El cuarto de siglo transcurrido desde la
creación del SELA nos ofrece la ocasión de hacer, por encima de la retórica festiva, un
balance descarnado y honesto de su significación para la región.
Empecemos recordando que el SELA es la única
organización latinoamericana. Ni la OEA, ni el BID, ni la CEPAL lo son por su
composición. Ni ALADI por su membresía restringida.

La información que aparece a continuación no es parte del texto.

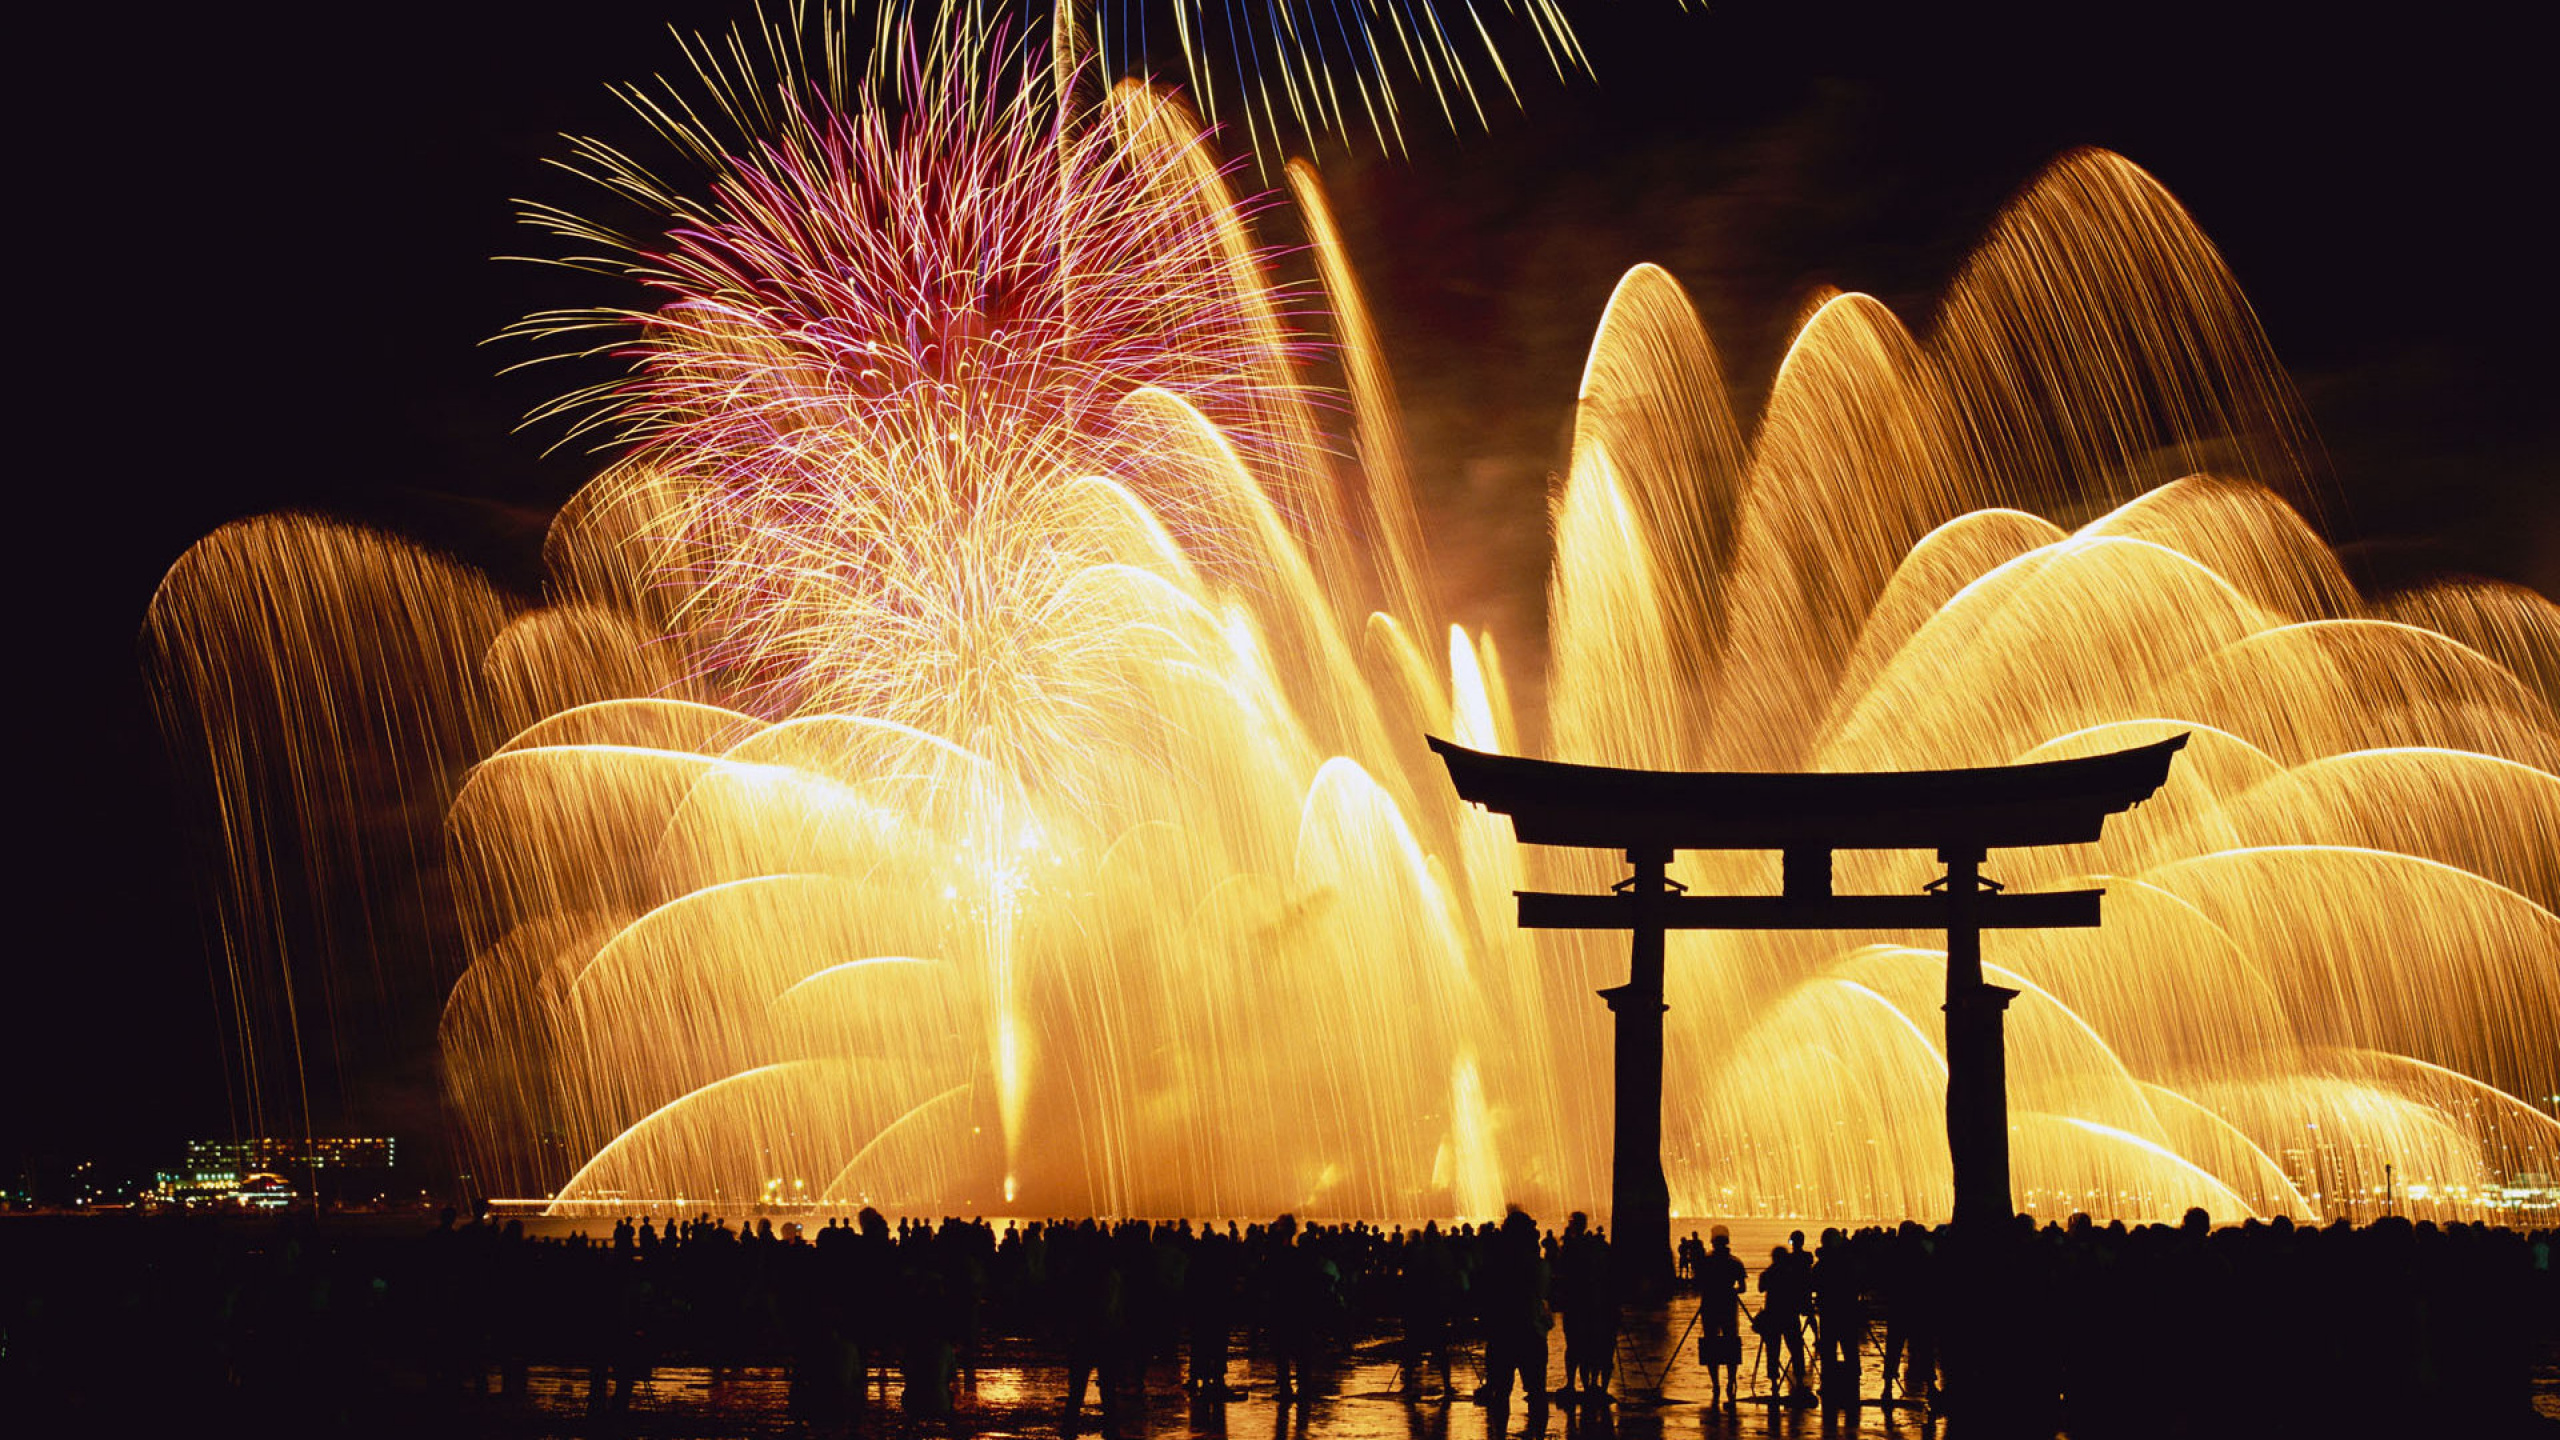 日本, 新年前夕, 新的一年, 烟花, 假日 壁纸 2560x1440 允许

El SELA fue, en cierto modo, una creación
tardía. Para 1975 hacía un cuarto de siglo que Europa se comenzaba a organizar como
comunidad, y hacía tiempo que existían la Liga de Estados Árabes y la Organización de
la Unidad Africana.
Pero fue una decisión histórica, de un coraje
y una visión sin precedentes. Establecer por primera vez una organización exclusivamente
latinoamericana -lo que en buena cuenta quería decir con Cuba y sin Estados Unidos,
Canadá o los países con colonias en la región- donde los latinoamericanos pudieran
coordinar sin los vetos ajenos, las restricciones estatutarias y los tapujos de las
otras organizaciones la defensa de sus propios intereses fue un paso revolucionario
y emancipador en la construcción de la institucionalidad latinoamericana, que la América
Latina debe a Carlos Andrés Pérez y a Luis Echeverría.
Pronto se advertiría, sin embargo, que
atajado por los temores atávicos, las inhibiciones geopolíticas y los prejuicios
ideológicos había sido un paso a medias. En el mundo de hoy no se puede separar la
concertación económica de la concertación política, particularmente si no existe un
foro institucional donde hacer esta última, como era y es el caso de Latinoamérica. Y
esa contradicción paralizante empezó pronto a cobrar su alto precio.
Al reducir su concertación a lo económico, la
posibilidad de reforzar la presencia y gravitación de América Latina en la negociación
del poder mundial y en el proceso de adopción de las grandes decisiones que afectaban su
destino resultó debilitada, particularmente si se considera que sólo cinco años antes
había podido presentar, en el Consenso de Viña del Mar, una plataforma conjunta de
reivindicaciones al Presidente de Estados Unidos, que quince años después ya no sería
capaz de hacer, maniatada y sojuzgada como estaba por la deuda.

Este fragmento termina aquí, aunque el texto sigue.